- _WHAT TO DO_
Copy the listing exactly, images excluded.

- _DATASET EXCERPT_

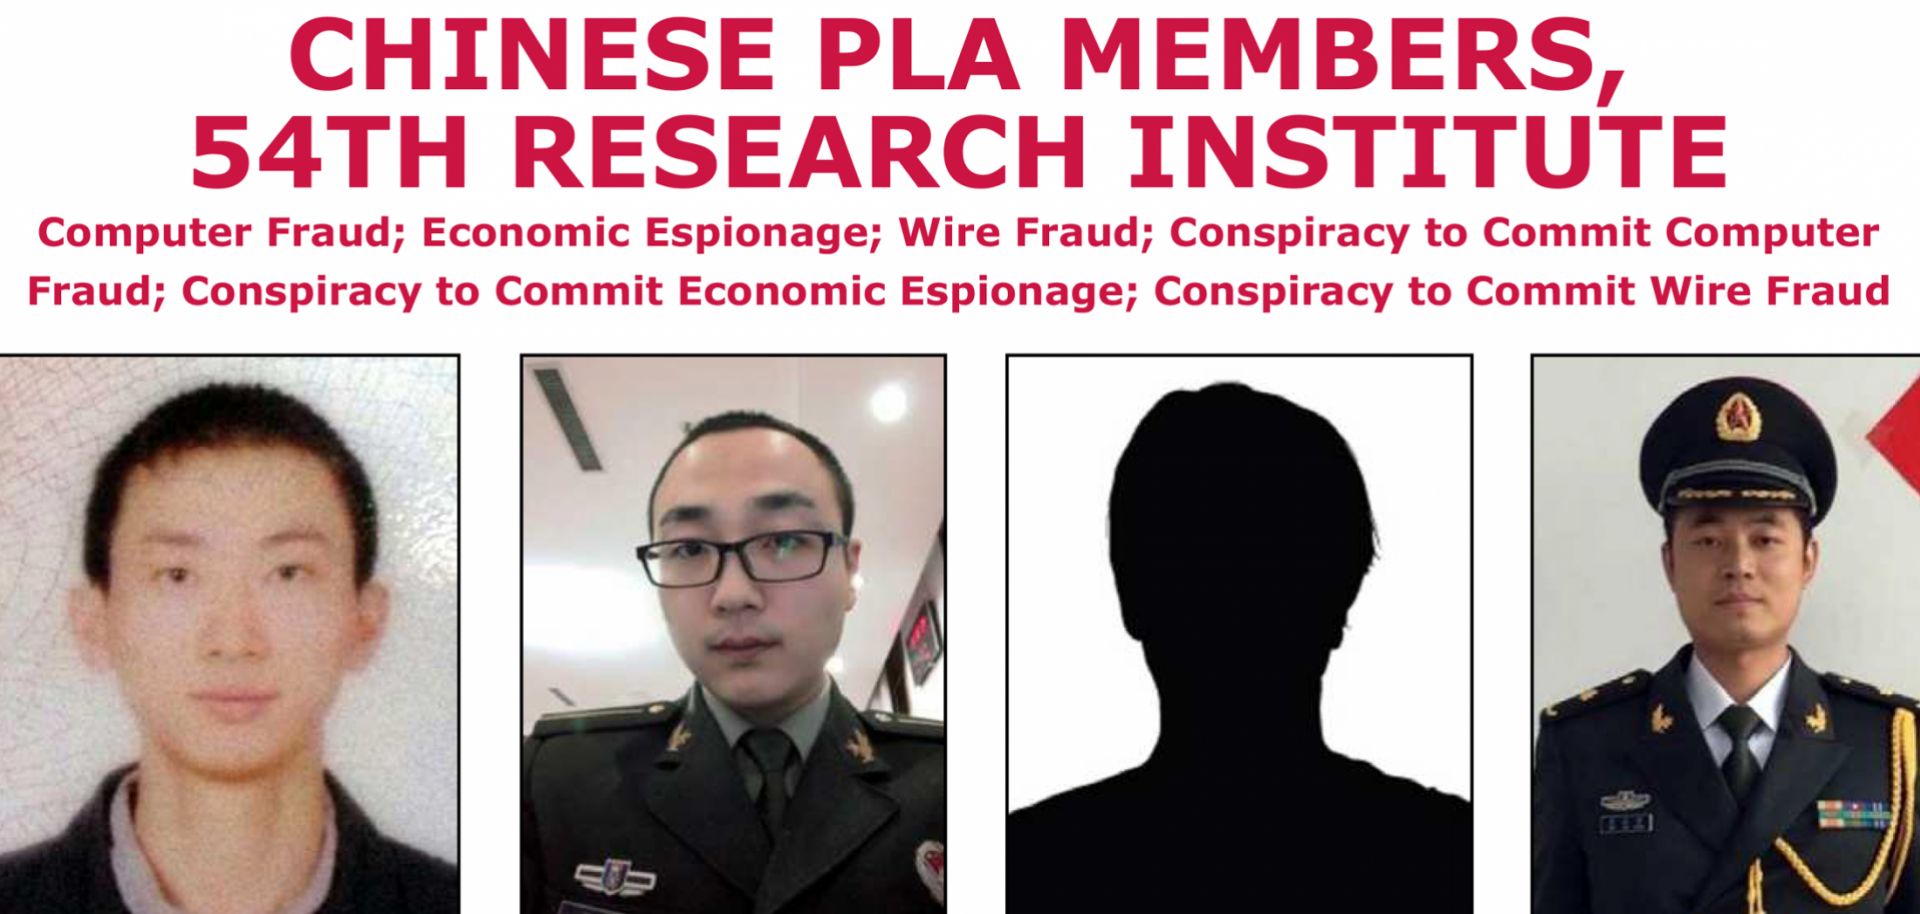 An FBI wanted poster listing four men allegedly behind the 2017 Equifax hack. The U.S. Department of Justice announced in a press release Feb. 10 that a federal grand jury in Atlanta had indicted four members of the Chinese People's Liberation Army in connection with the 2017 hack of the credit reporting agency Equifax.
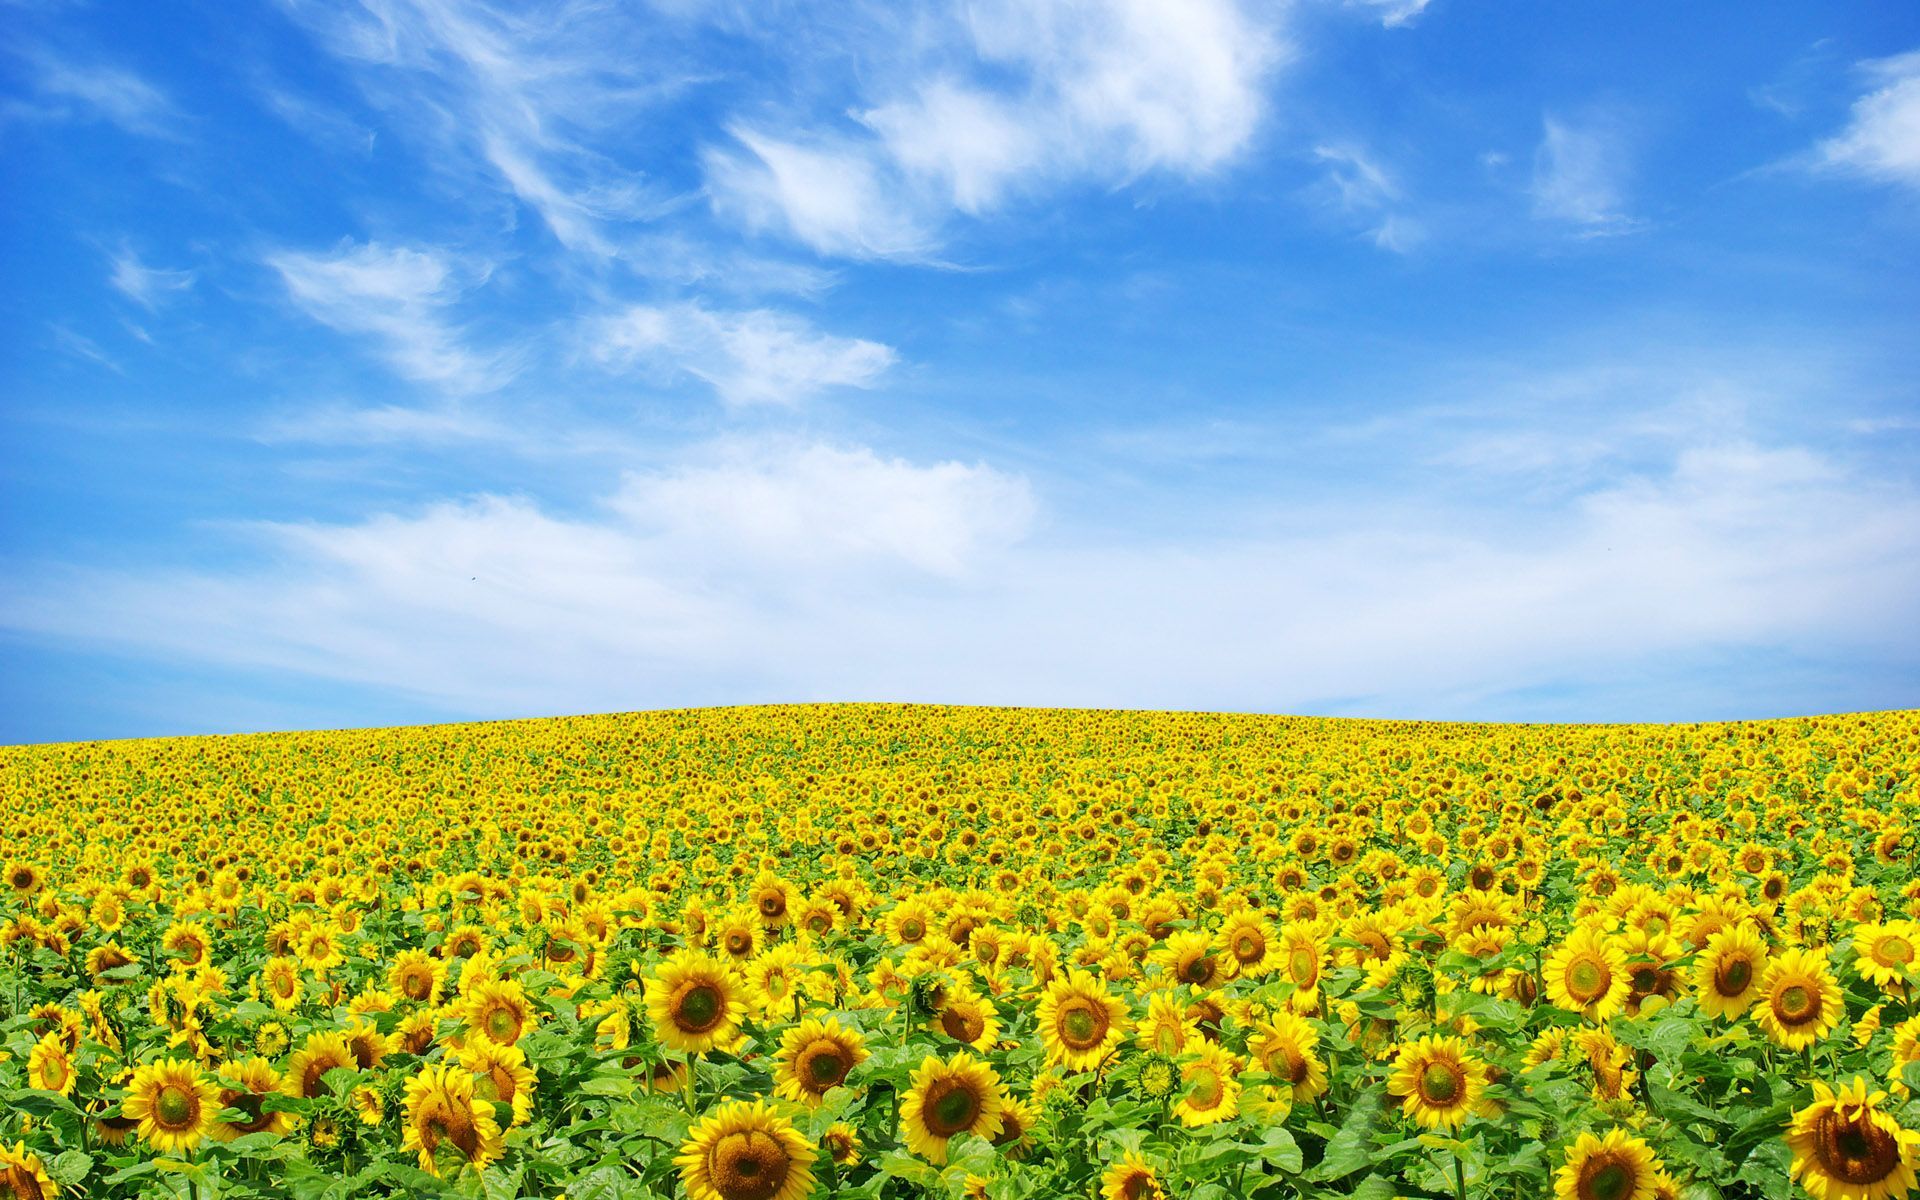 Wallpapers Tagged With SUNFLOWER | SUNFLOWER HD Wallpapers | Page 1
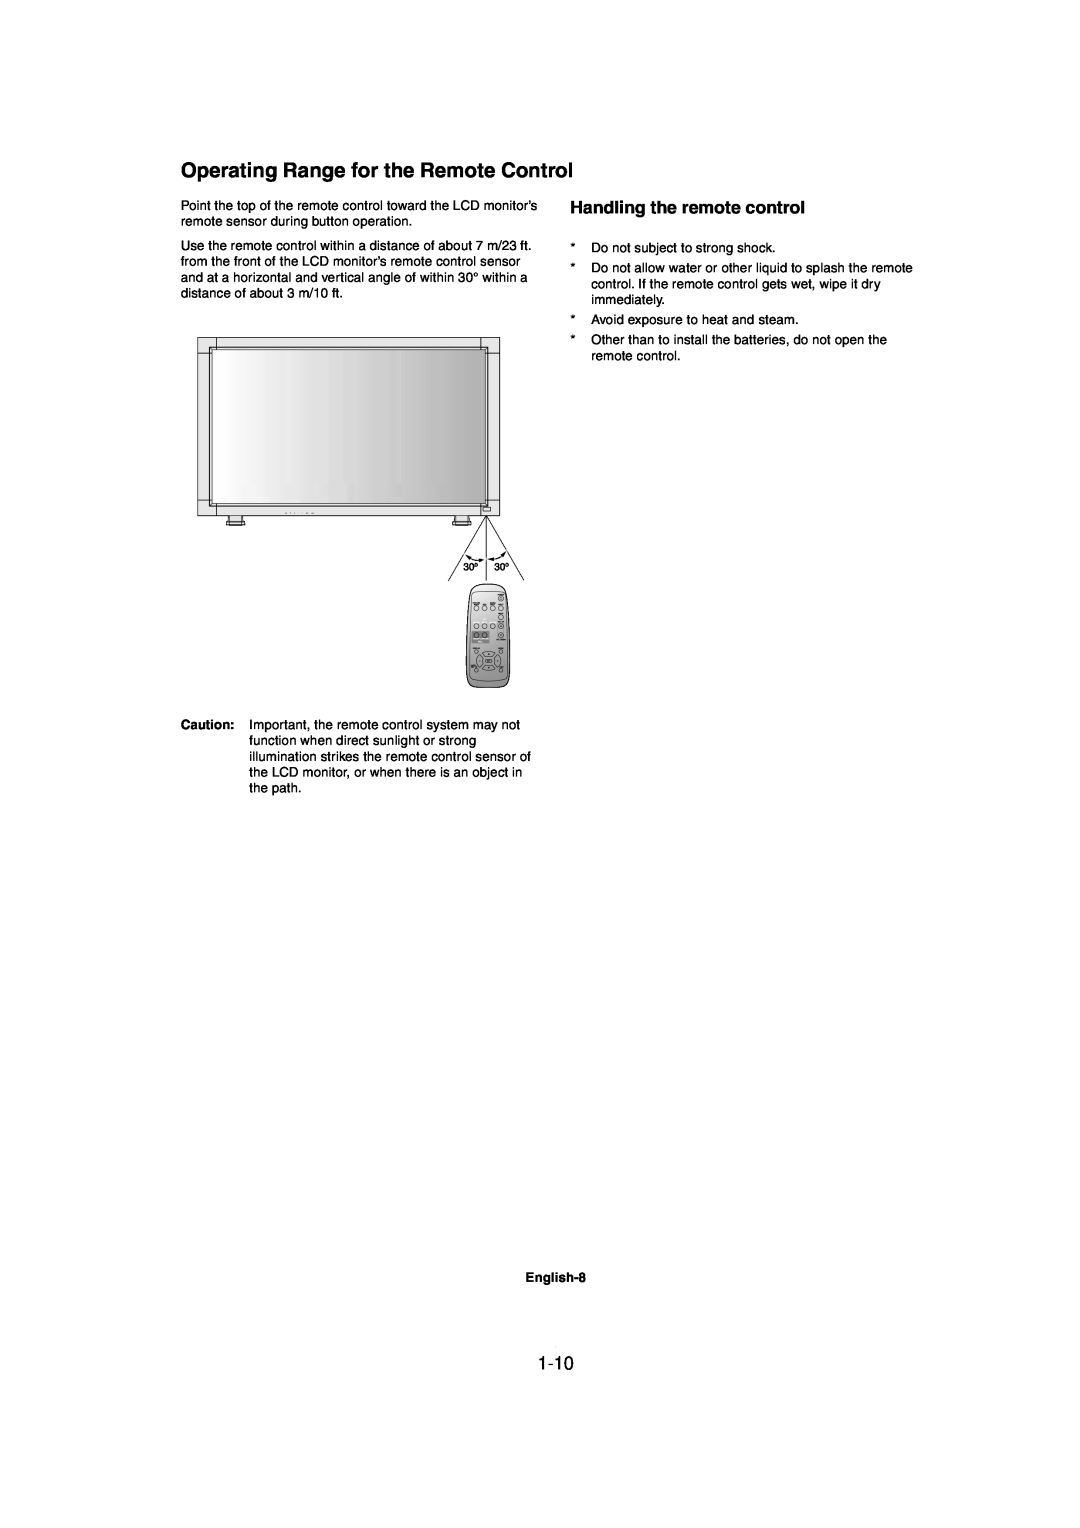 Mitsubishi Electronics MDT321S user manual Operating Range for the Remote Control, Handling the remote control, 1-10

- _COMPLETED EXERCISE_
 An FBI wanted poster listing four men allegedly behind the 2017 Equifax hack. The U.S. Department of Justice announced in a press release Feb. 10 that a federal grand jury in Atlanta had indicted four members of the Chinese People's Liberation Army in connection with the 2017 hack of the credit reporting agency Equifax.
 Wallpapers Tagged With SUNFLOWER | SUNFLOWER HD Wallpapers | Page 1
 Mitsubishi Electronics MDT321S user manual Operating Range for the Remote Control, Handling the remote control, 1-10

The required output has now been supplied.